La caravane s’ébranle.

Certes ! elle est digne d’un hakem qui va fêter le soleil dans une arsa, et les gens ne manqueront point d’en approuver le déploiement fastueux.

Kaddour prend la tête, fier, important comme un chef d’armée, une cage en chaque main. Dans l’une gazouille un chardonneret, dans l’autre, un canari.

Ensuite viennent les ânes chargés de couffas d’où sortent les plus hétéroclites choses : le manche d’un gumbri, un coussin de cuir, un bout de tapis, une théière… Ahmed le négrillon, à califourchon sur un bât, ressemble, avec son burnous émeraude, à une grenouille écartelée. Rabha chevauche, très digne, le second bourricot.

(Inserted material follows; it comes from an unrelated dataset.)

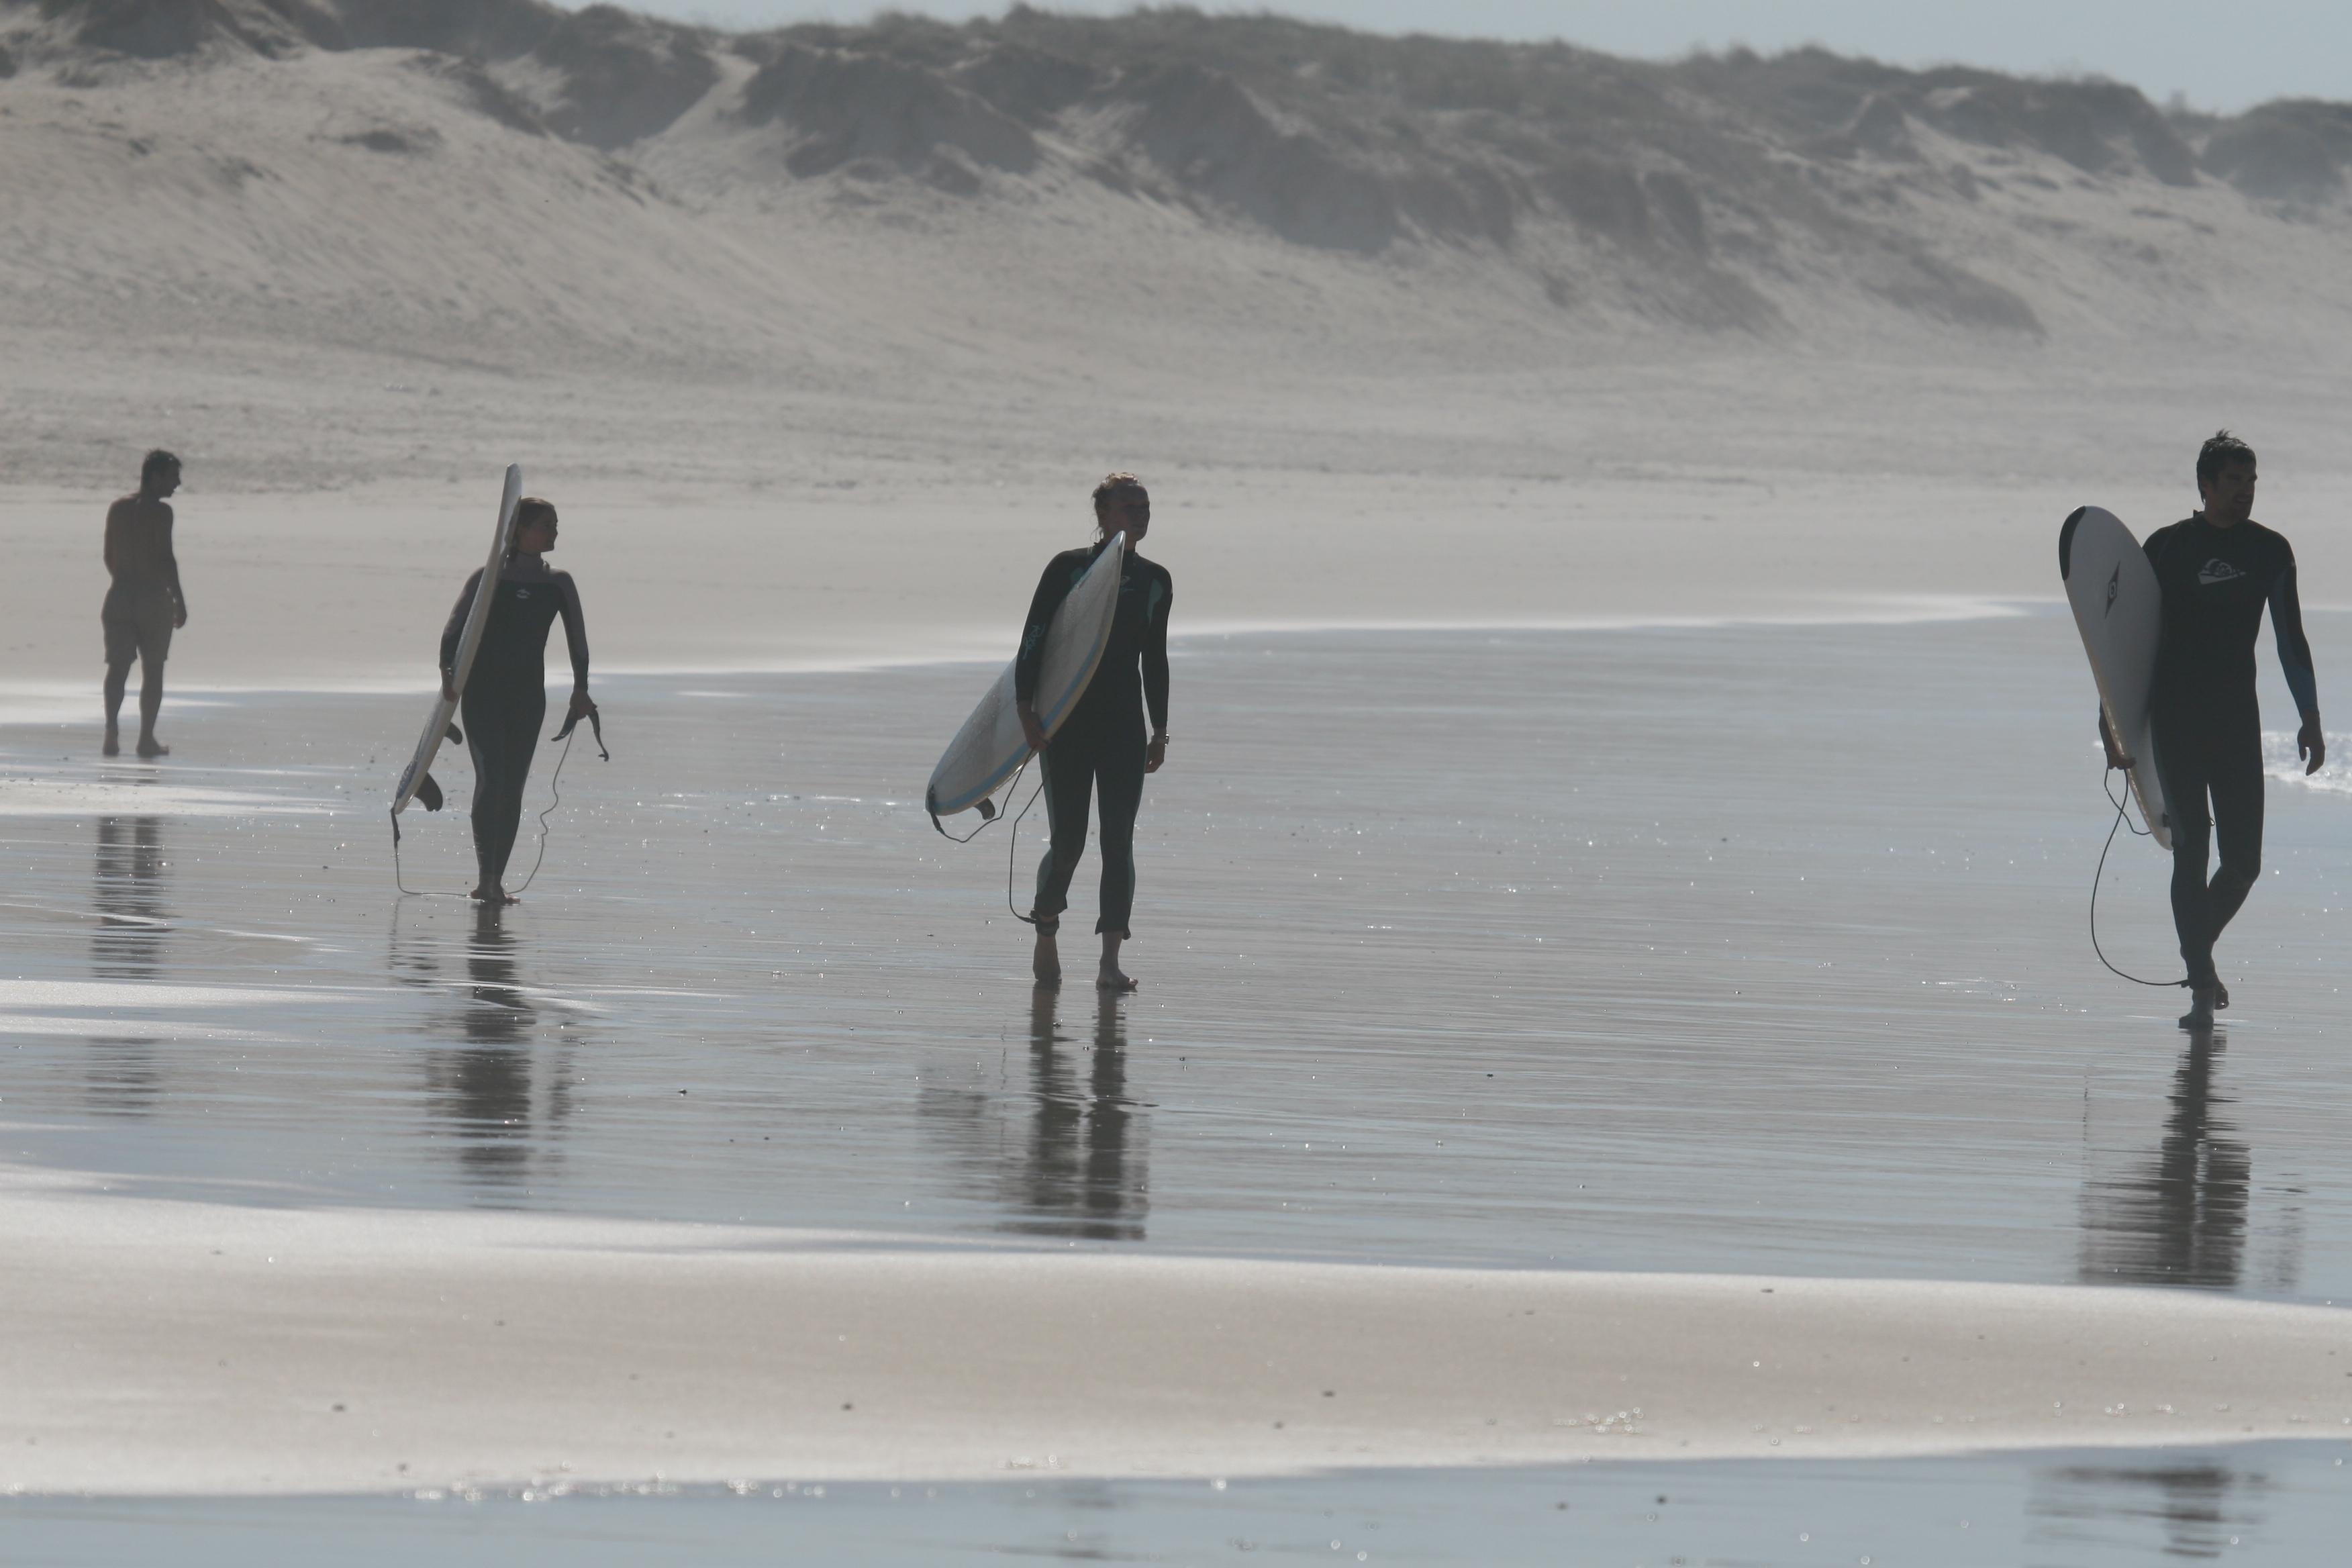 Surf school group

Puis s’avancent les femmes, la troupe craintive, pudique, trébuchante des femmes qui s’empêtrent dans les plis de leurs voiles : Kenza, Yasmine, déjà lasses ; Saïda et son haik rayé de larges bandes écarlates ; Fathma la cheikka que nous n’eûmes garde d’oublier, car une partie de campagne s’agrémente toujours de musique et de chants.

Les hommes ferment la marche : Hadj Messaoud, tenant précieusement un pot plein de sauce qu’il n’a voulu confier à personne, et les trois porteurs nègres sur la tête desquels s’érigent, en équilibre, les plats gigantesques coiffés de cônes en paille.